■ **DATA BLOCK**:
-- -- --

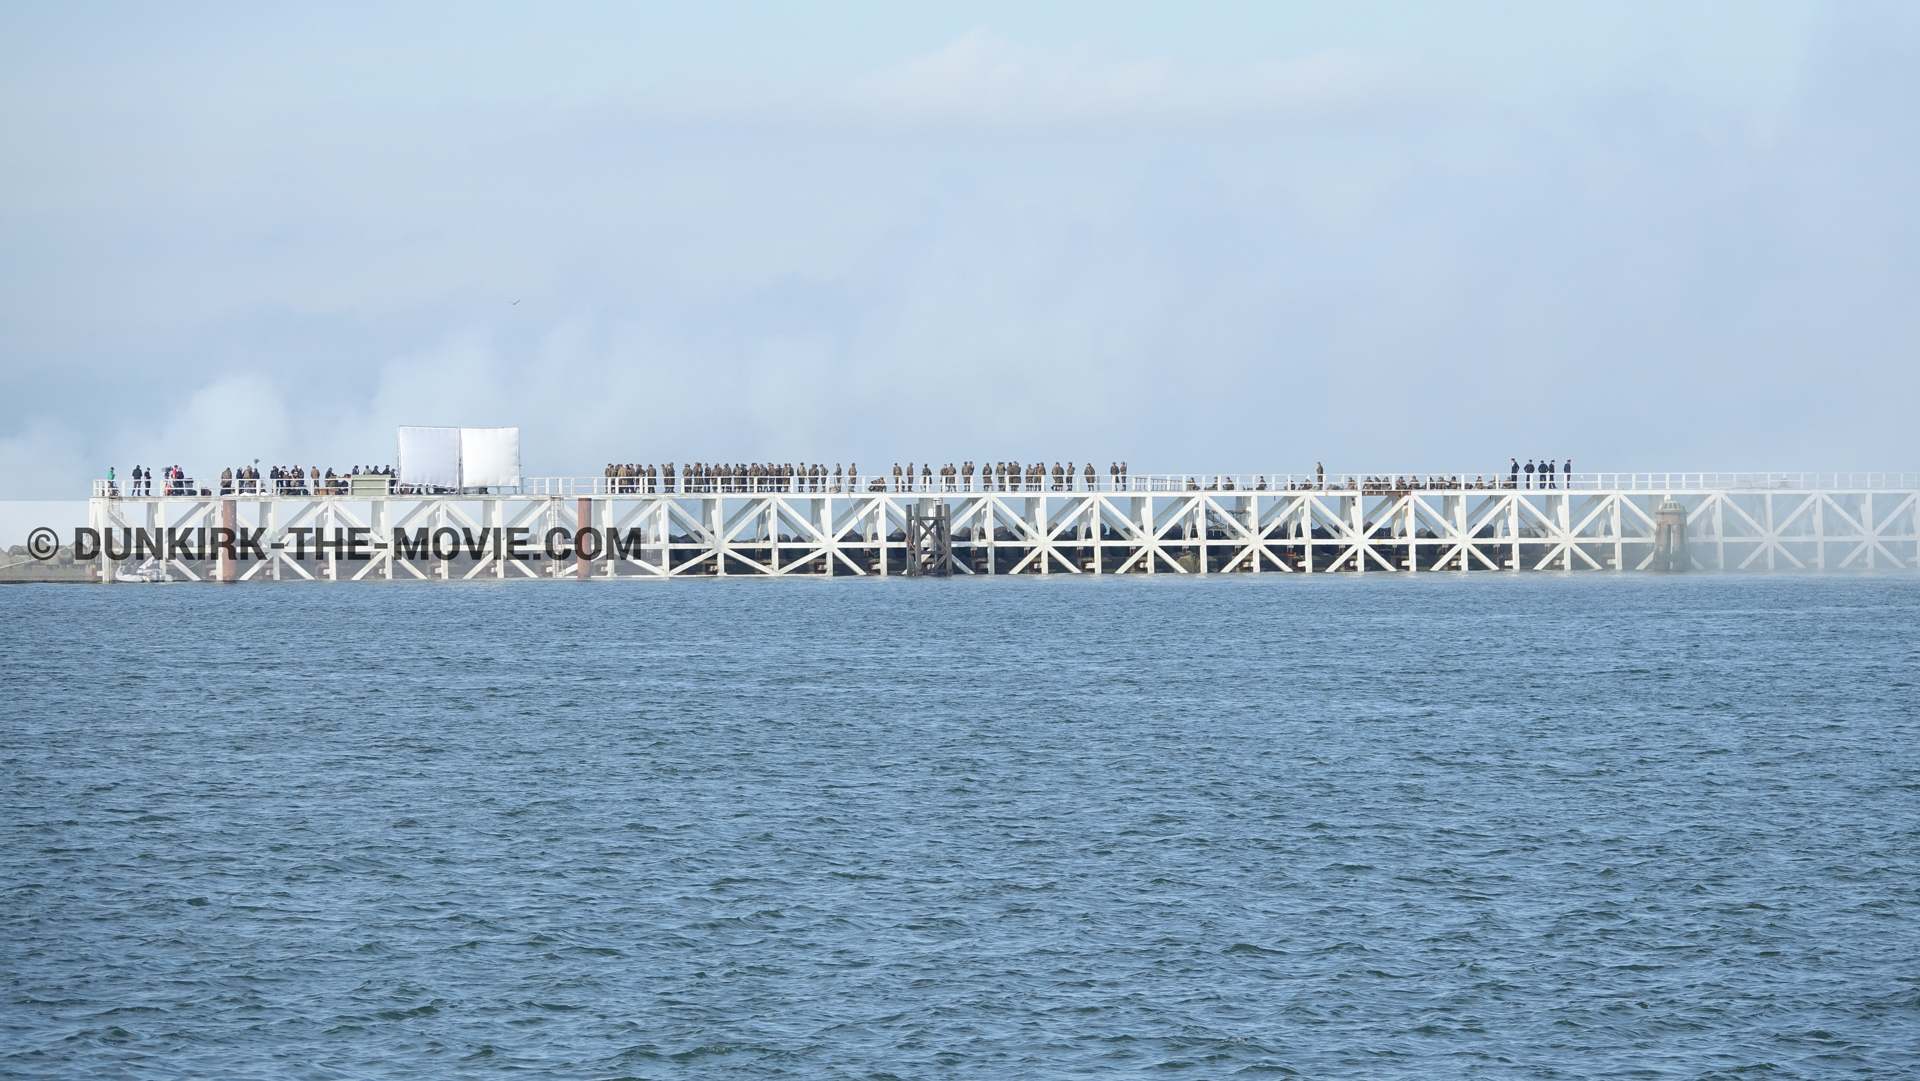 Fotos con humo blanco, muelle del ESTE, mares calma,  durante el rodaje de la película Dunkerque de Nolan
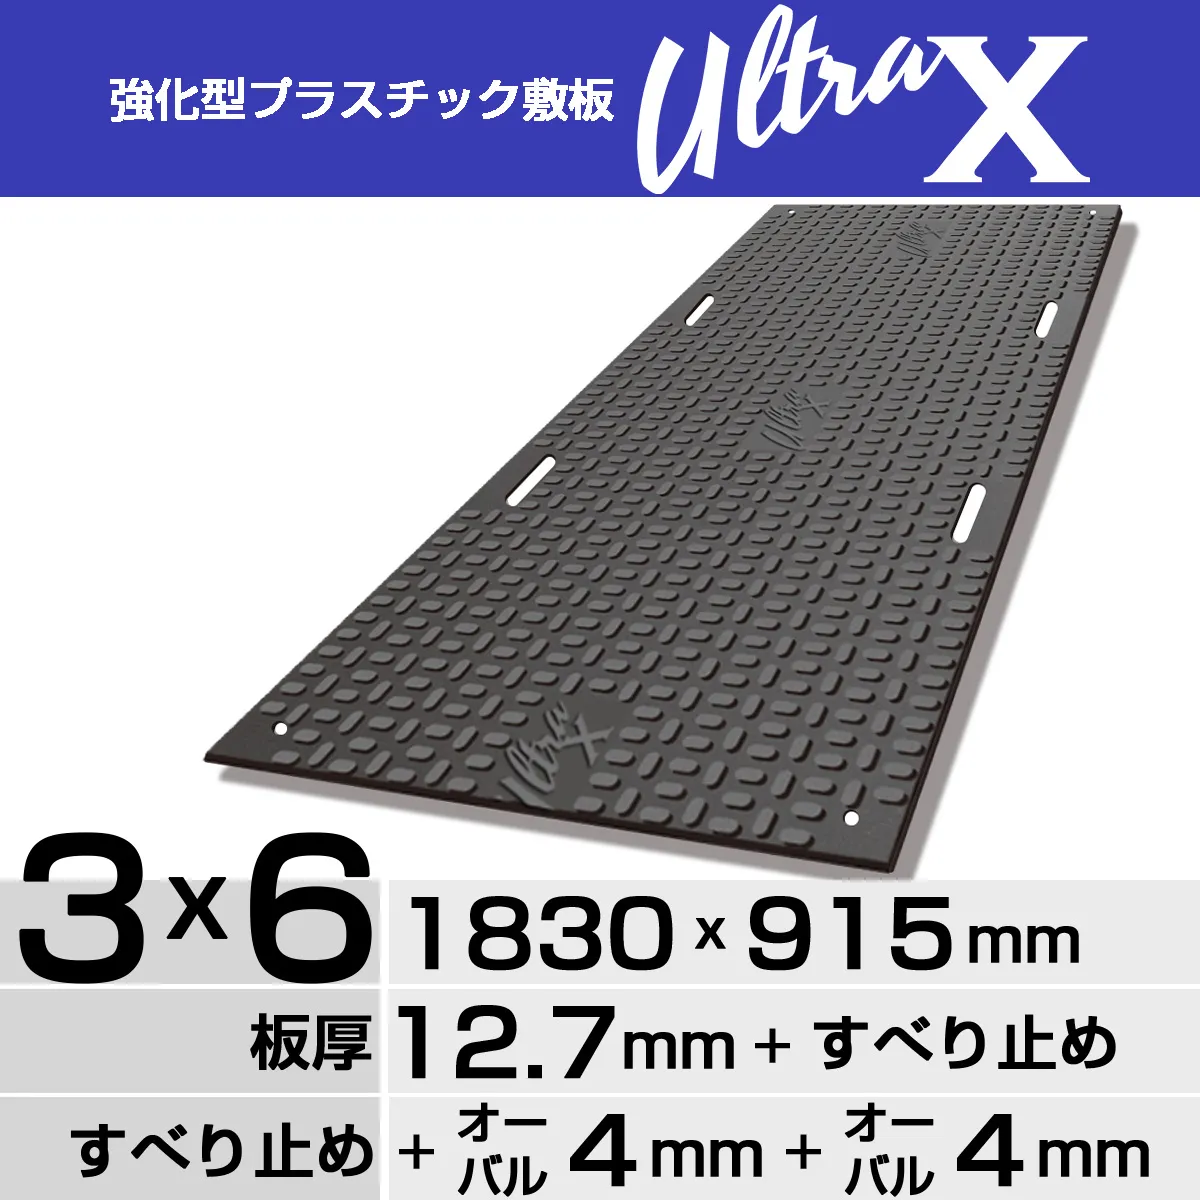 強化型プラスチック敷板UltraX３x６両面オーバル
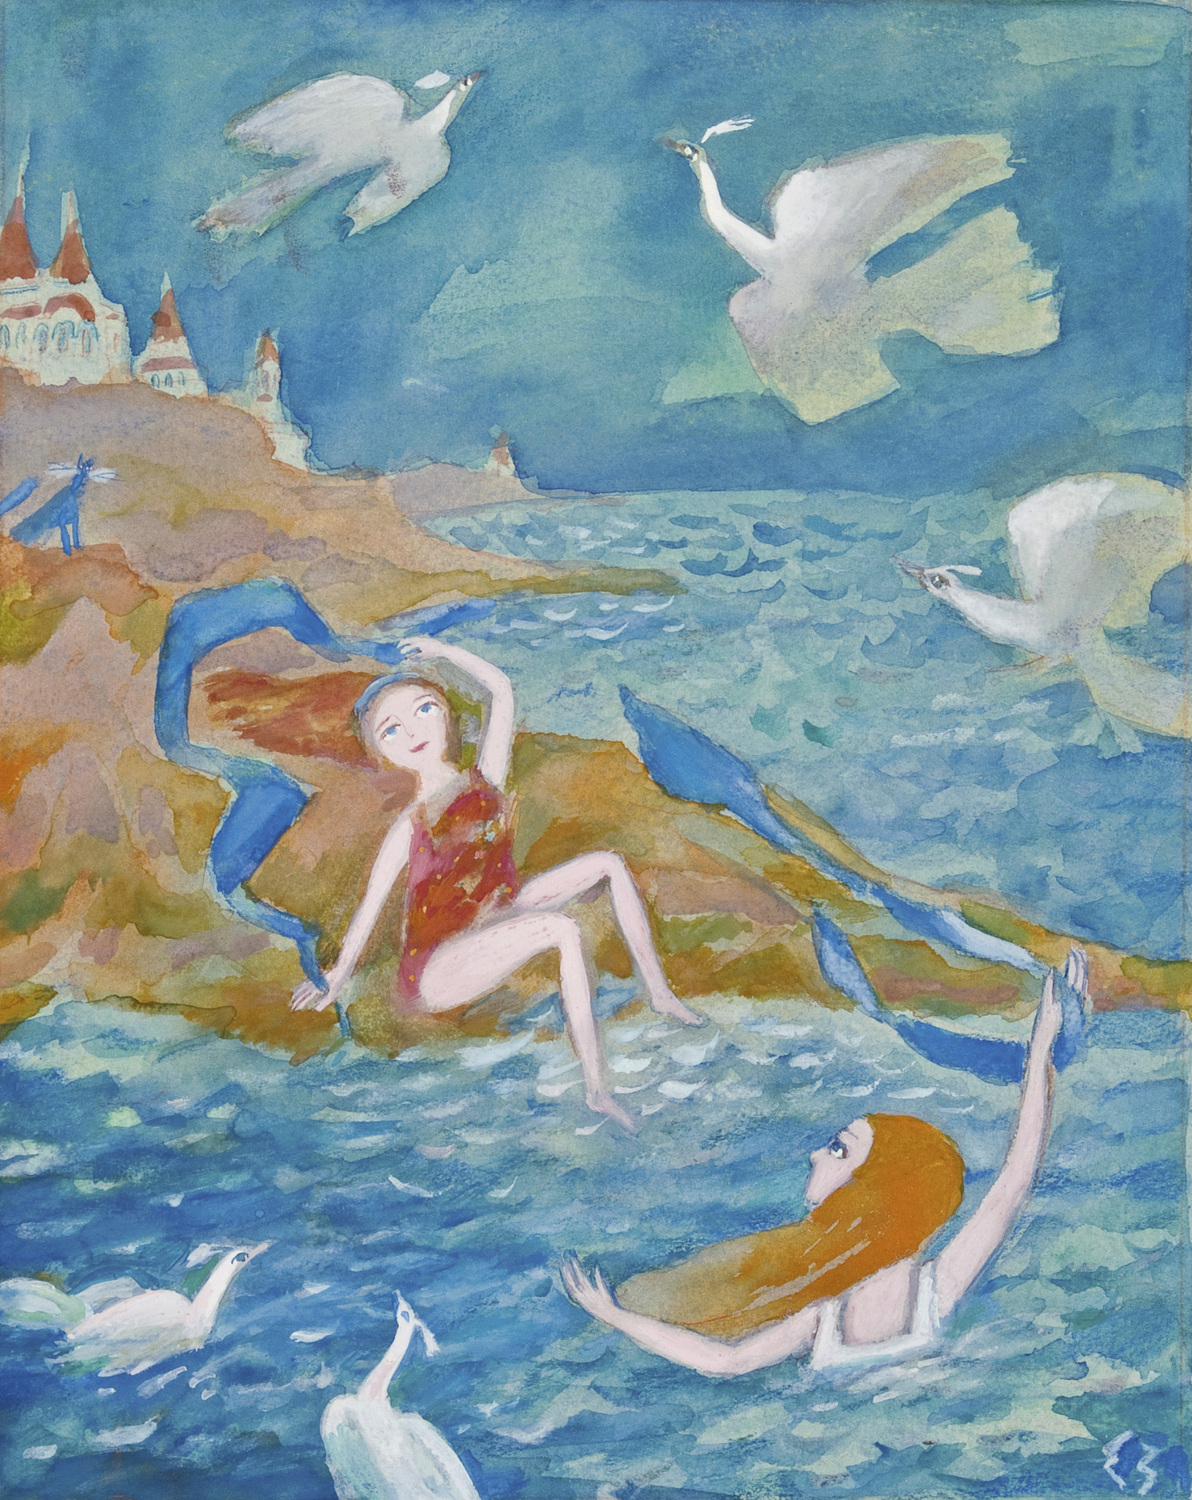    Мир сказки Елены Зарубовой | Белые птицы над берегом
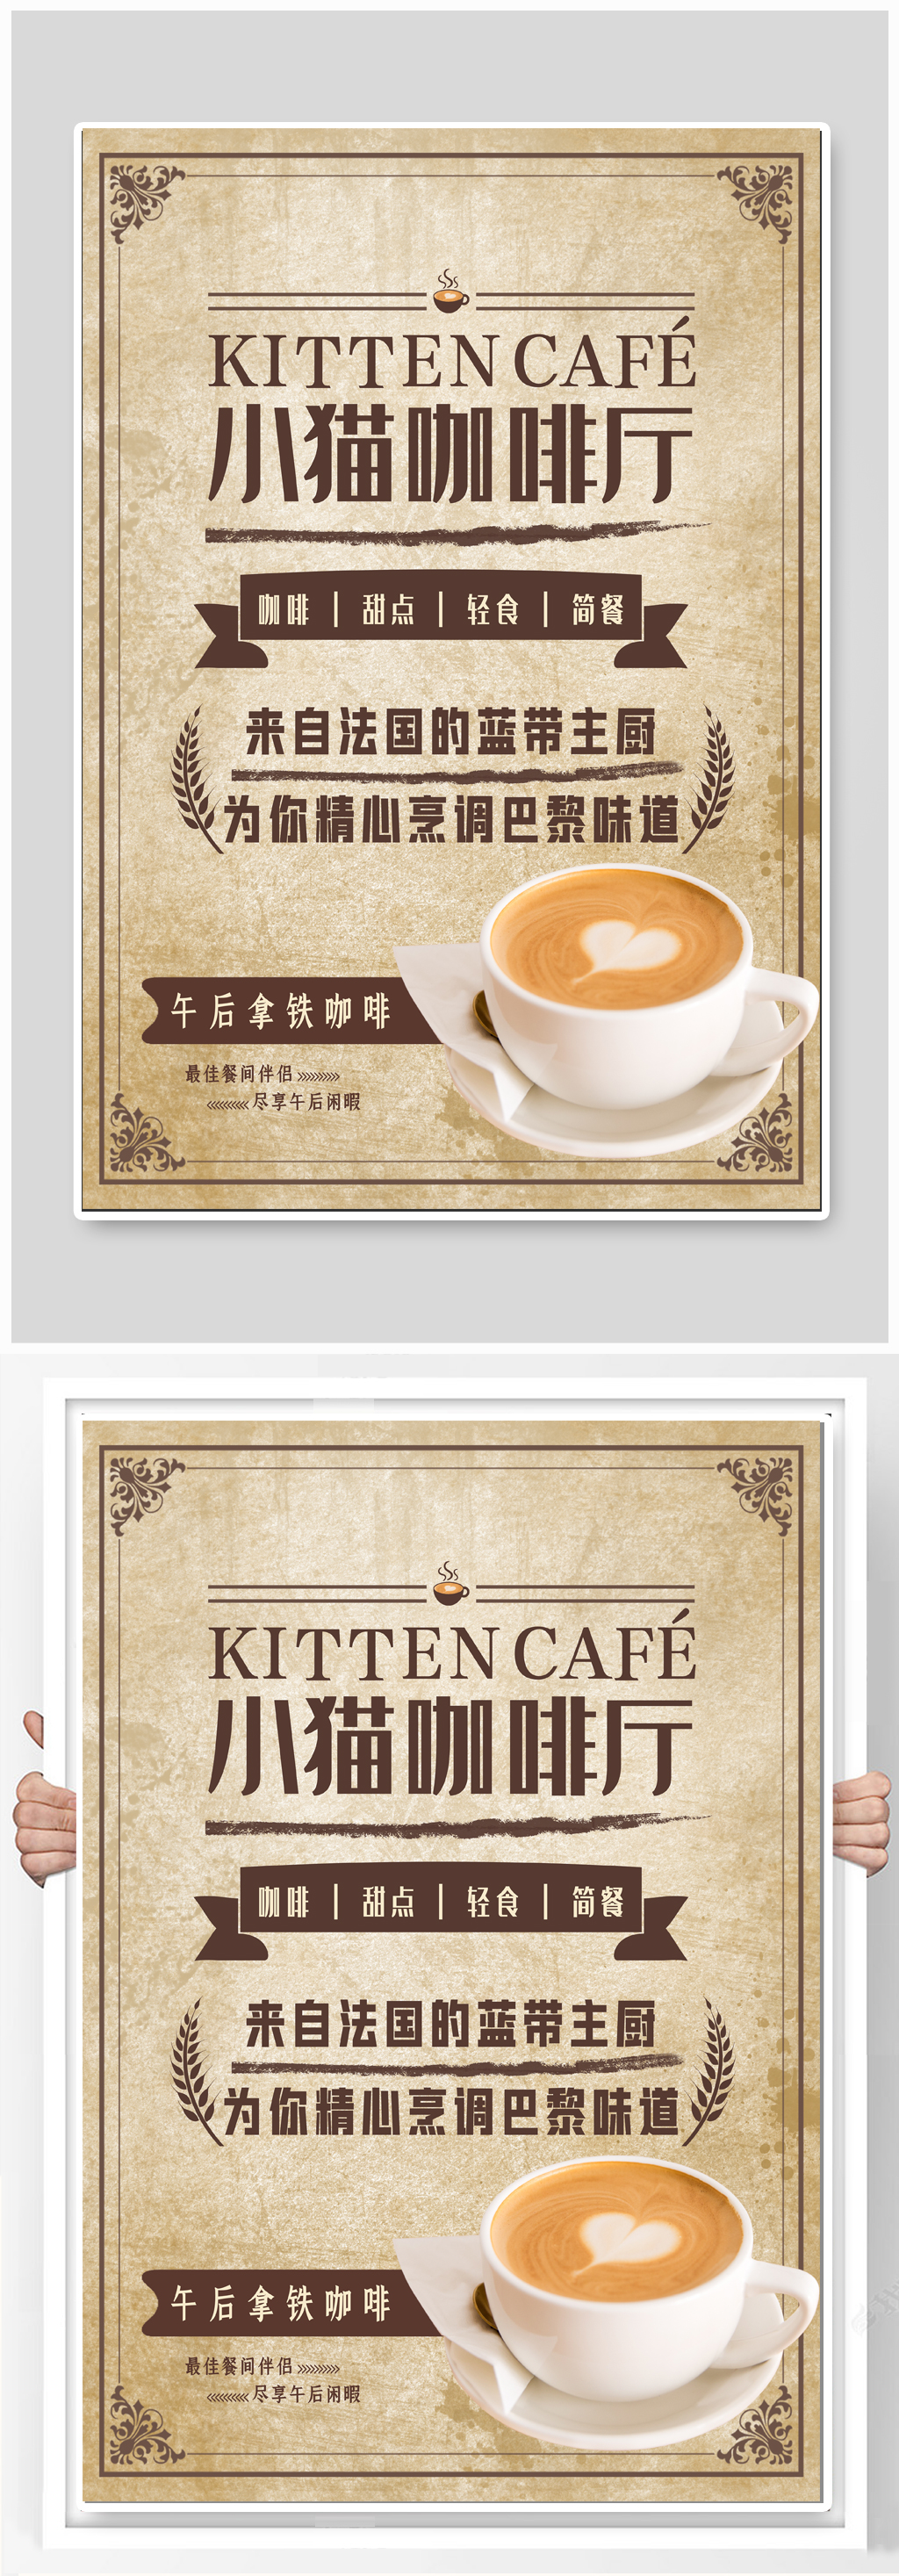 咖啡厅咖啡馆宣传海报

-- -- --

■ **TASK REQUIREMENTS**: Emit the lines of the data above from the one containing "強化型プラスチック敷板UltraX３x６両面オーバル" through its final line, both endpoints included. Pictures do not belong in the output.

■ **OUTPUT OF THE EXERCISE**:
 強化型プラスチック敷板UltraX３x６両面オーバル
    Мир сказки Елены Зарубовой | Белые птицы над берегом
 咖啡厅咖啡馆宣传海报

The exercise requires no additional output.